As one might expect, the film was wonderfully received by the crowd at the Smithsonian. Waves of applause swept us to the front of the auditorium as the lights came up. Questions started popping beneath waving hands. After repeating this in twenty or thirty venues, the questions become somewhat threadbare, and the answers canned. How long did it take you to make this film? Where do you live now? What made you want to write the book? What happened to your uncle, the guy on the horse who got stranded in the ice floes at the beginning of the film? Questions like those, reasonable and understandable. Then came the zinger, one we'd never heard before, from an elderly woman at the back of the auditorium.
"You've done such a beautiful job telling your grandmother's story," she began. "I'm ashamed to say had no idea all of this happened. But what I really want to know is, where did you find so many articulate Indians?"
What can you say? The answer to that is — well, there really isn't one! You do your best to fumble through a diplomatic response and hope you don't make the guest appear more idiotic than they already have, which is not always easy. A similar thing happened to us in Grand Forks, North Dakota, when a college professor at the University of North Dakota stood up and explained that she was deeply moved by the film, but she wondered when someone was going to tell the story of the thousands of white people who were also devastated by Pick-Sloan?

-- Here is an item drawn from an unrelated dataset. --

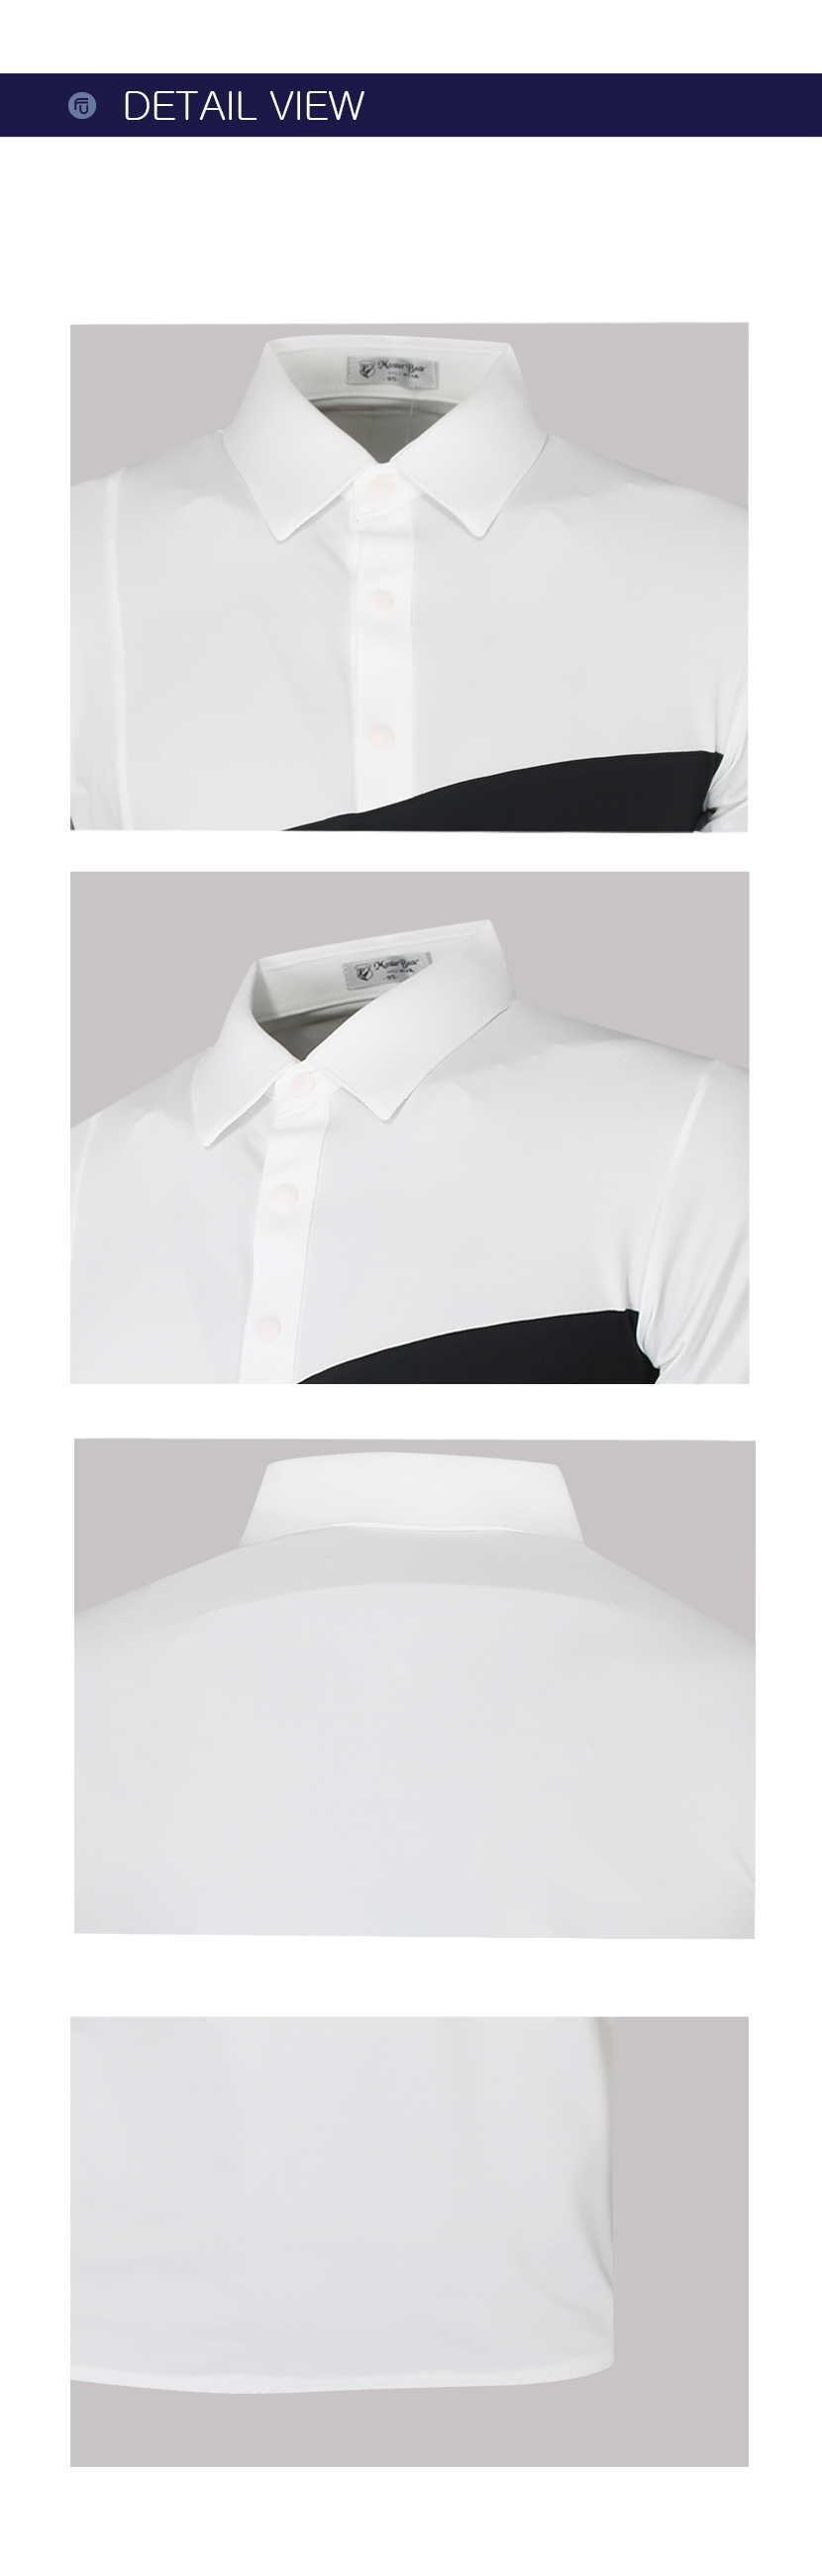 페라어스 남성 어빌릭 골프 티셔츠 CTNMP2020M2

"The reason I ask," she finally explained, "is because my family was destroyed by Pick-Sloan. We were fourth-generation homesteaders. My great-great-grandfather came from Sweden and built our farm from scratch. When we found out we were going to lose everything, I was a little girl. Six of our family members, my aunts and uncles, went out behind the barn and committed suicide rather than give it all up to the flood. And they weren't the only ones. Who's going to tell their story?"
Questions like hers leave me speechless, adrift in quandry. I think of something appropriate to say an hour later, after we've had pie at the local diner and we're driving back to the motel past the now-darkened windows of the grange — it comes to me then. But not at the moment. The moment finds me humbled and astonished and flushed with compassion for the real people of America, the everyday Joes and Sallys living their lives in urban boroughs or sleeply little backwater towns — just trying to make the best of things. After all, isn't that why we do this thing called writing, to tell great stories and hit the road with a trunk full of books so we can meet our fellow citizens face to face and connect with our readers and other strangers on their home turf in fleeting moments that lift the gloom?

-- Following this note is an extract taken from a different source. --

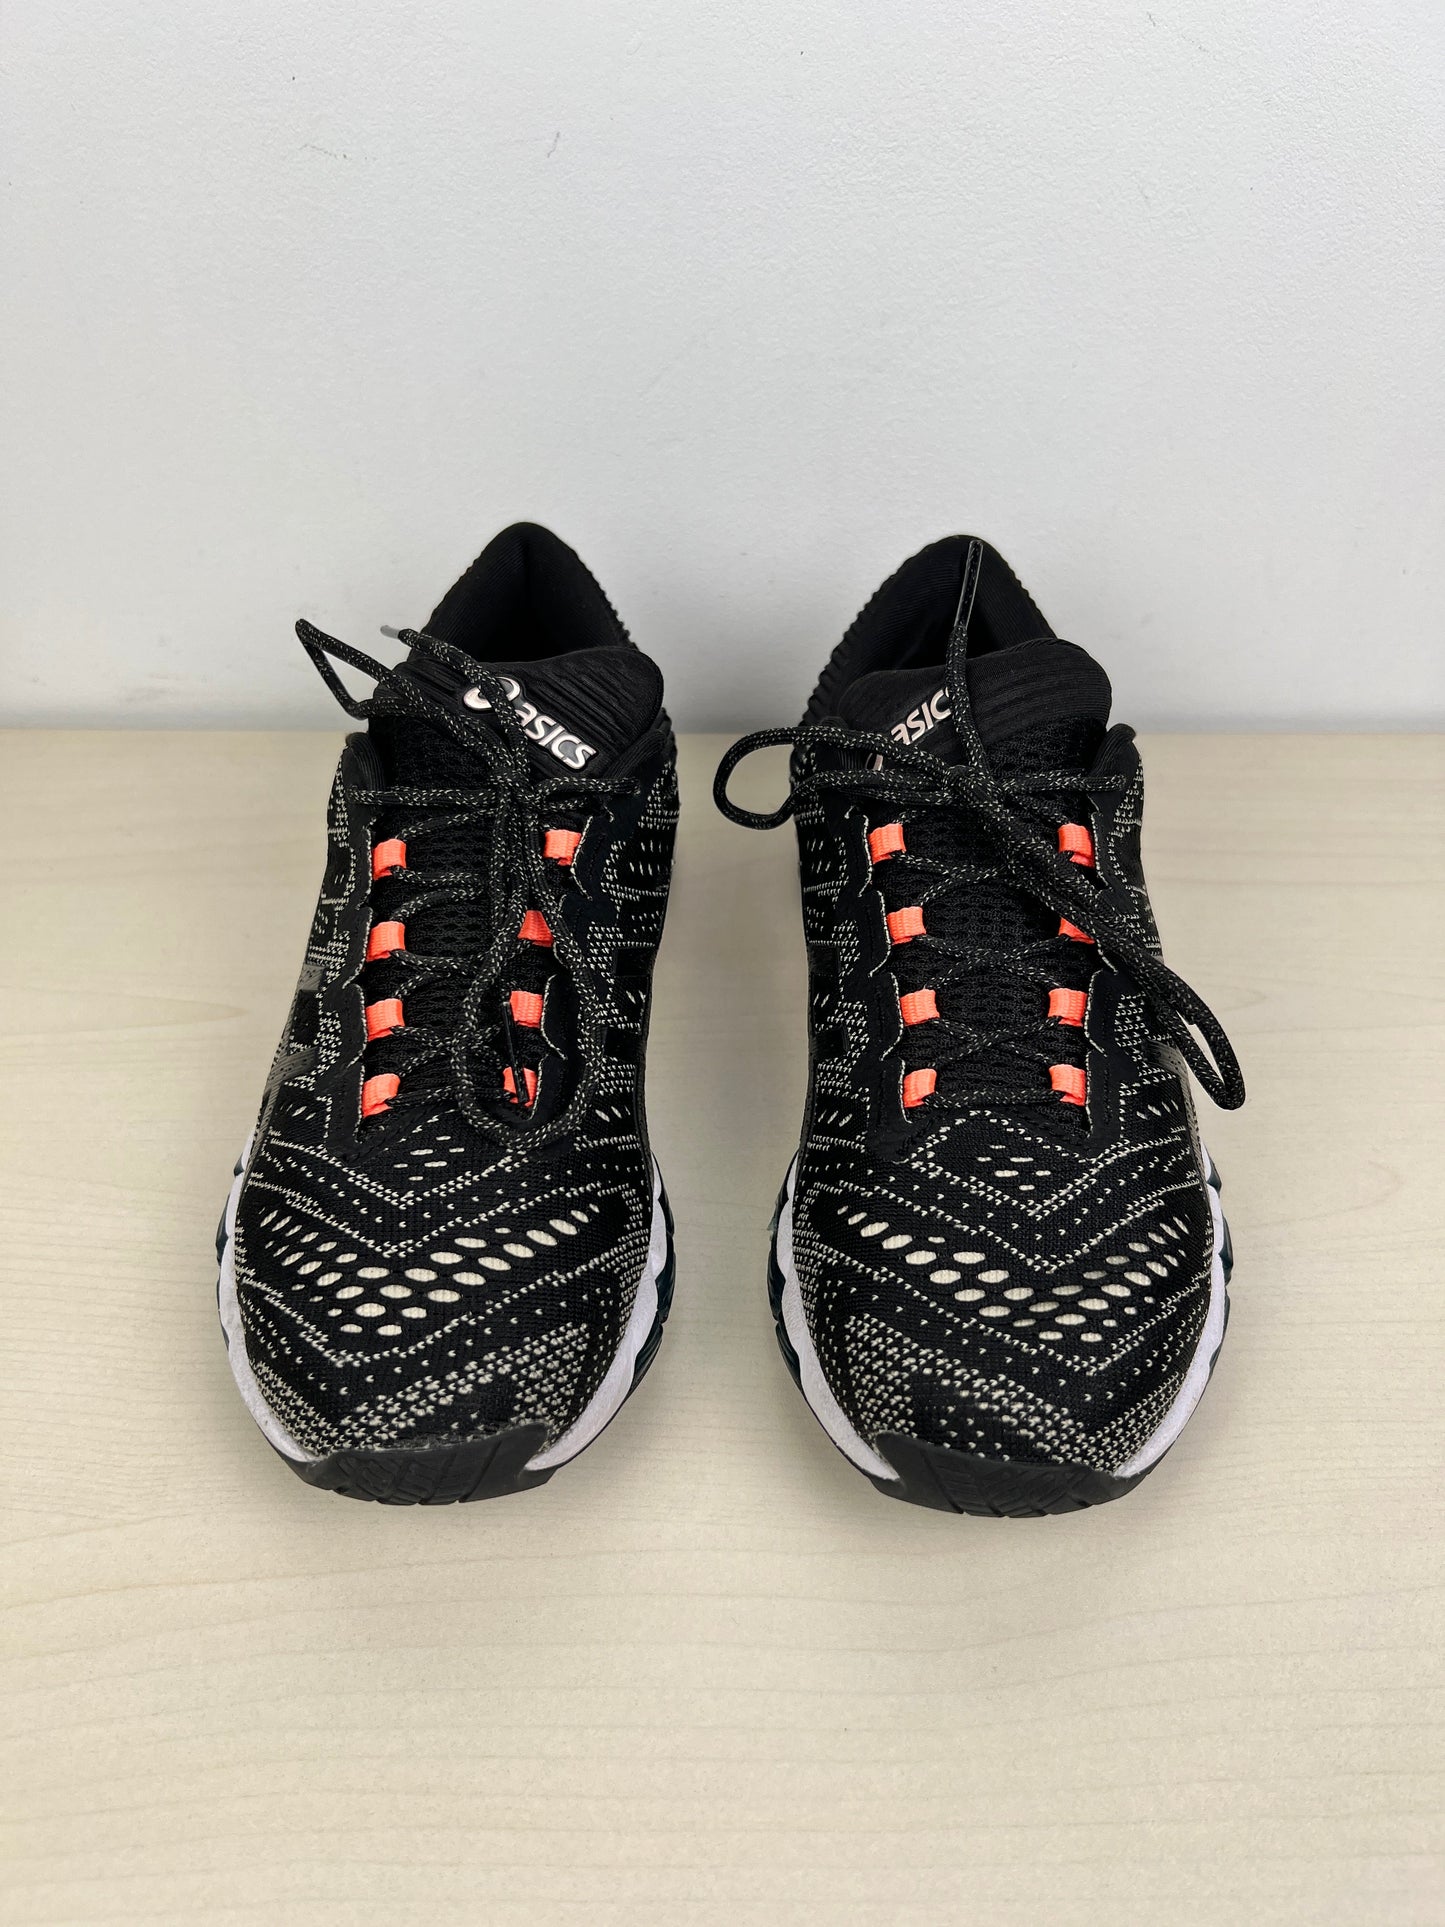 Black Shoes Athletic Asics, Size 6.5

I think so. It is for me, anyway. The moral to this little story is pretty straightforward. If you wanna be a writer, and you wanna tell tales that open old wounds, brace yourself for blowback (in many forms) when you hit the road. Be prepared to be a lightning rod for the hopes, sorrows, and joys of total strangers. And don't pass up the walleye platter at the Scenic Restaurant in New Town, North Dakota. Like the buffalo tacos at the Bison Café in Ravalli, Montana, it's the real deal.